A Tour of Broken Wall Street
A displaced banker guides tourists through the carnage.
As the sun begins to dip behind Wall Street's jagged towers, Andrew Luan, a former bond trader with Deutsche Bank (DB), marches a pack of tourists into the heart of the financial crisis. "It's not like there was a mastermind behind this," he says. But if there were, he'd know something about it.

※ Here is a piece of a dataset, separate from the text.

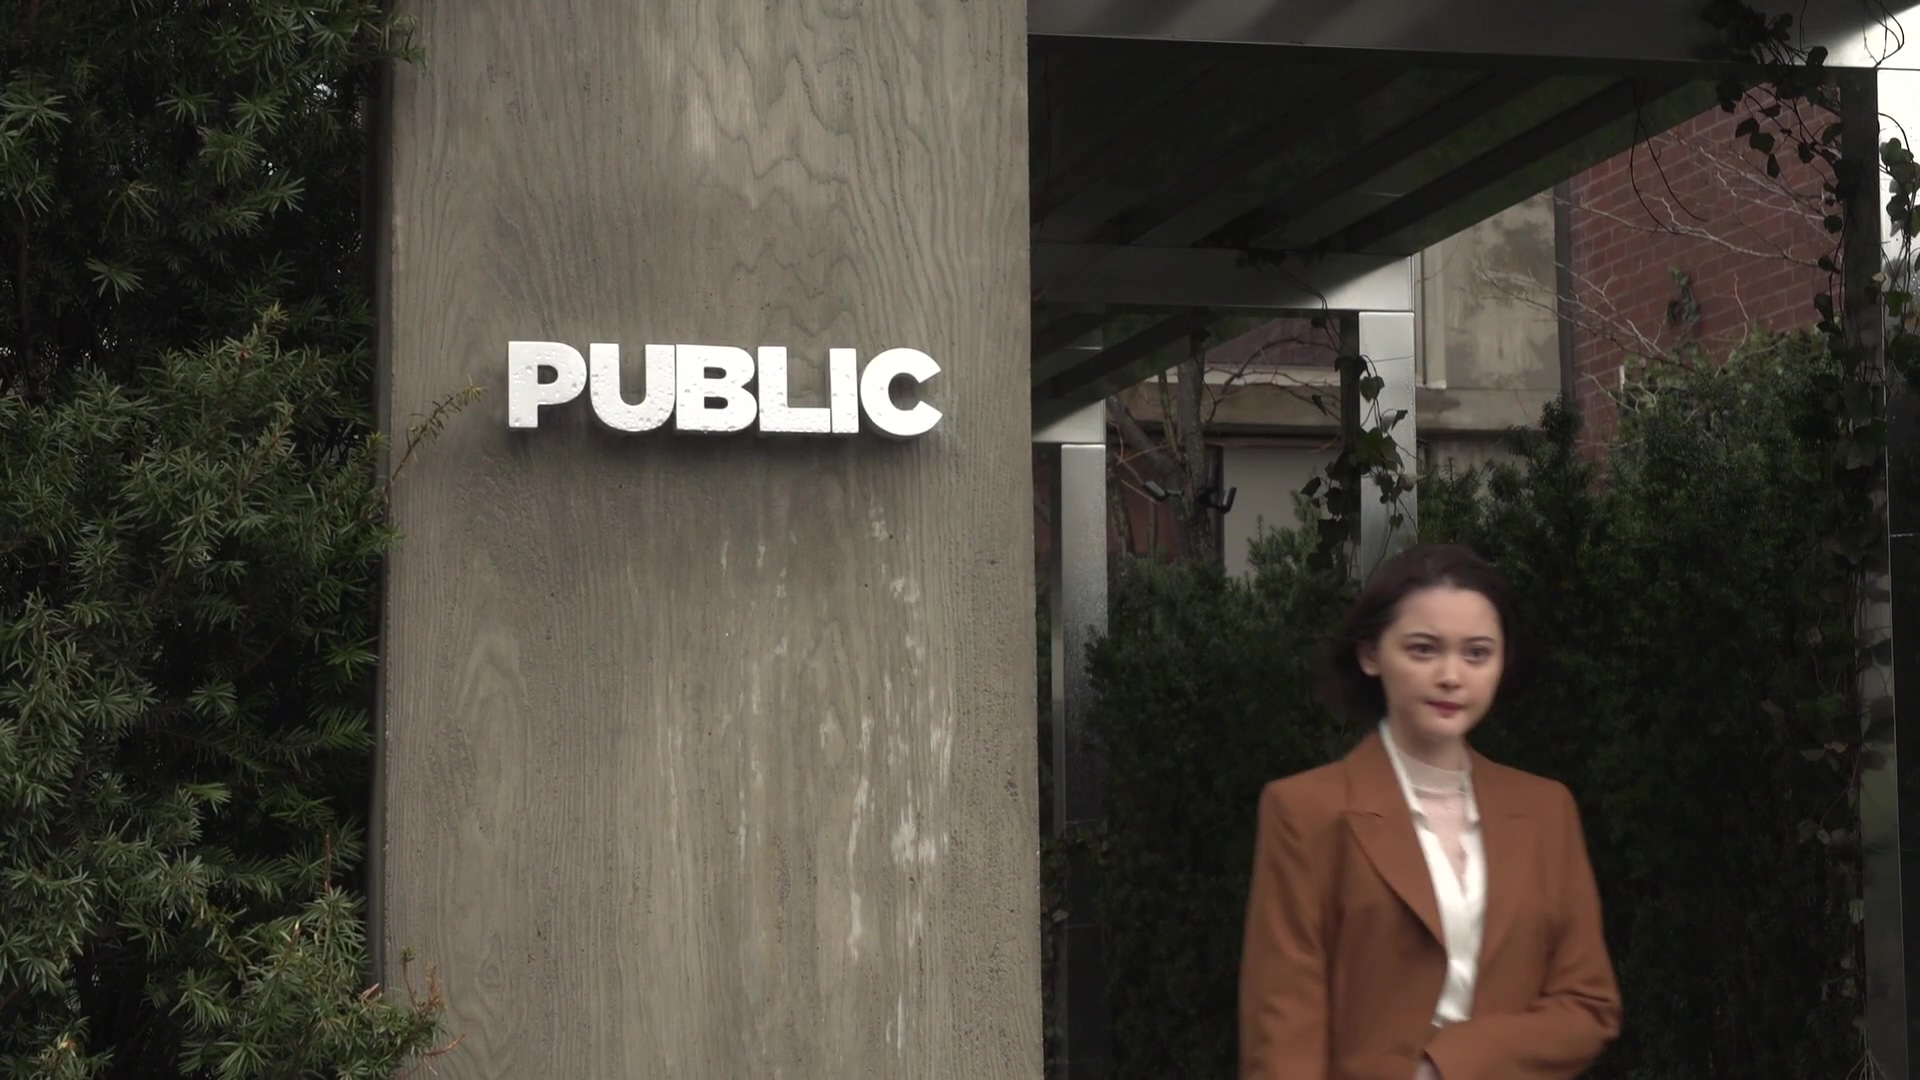 PublicFinal52919 v8

Luan quit Deutsche Bank last week after failing to get a bonus for 2008. Instead of leaving Wall Street, Luan (pronounced lew-en) has launched a financial meltdown tour, guiding packs of mostly European tourists around the epicenter of the collapse-and explaining his own role in the crisis along the way. (He shorted collateralized mortgage-backed securities, a move he claims helped save Deutsche Bank from the subprime debacle.)*
Luan says senior traders could earn an obscene amount of money.* ("If I had gotten in five years earlier, I would never have to work again," he laments.) But his roots are humble. As a child, his family emigrated from Taiwan to Queens. His dad worked odd jobs and his mother sold public life insurance to low-income residents in Chinatown. Luan says he's ready to give back.
"I hope my tour will shed some light on issues that people are only beginning to see, let alone understand," he says. "It is ultimately the responsibility of the people to have government regulate new innovations and systems."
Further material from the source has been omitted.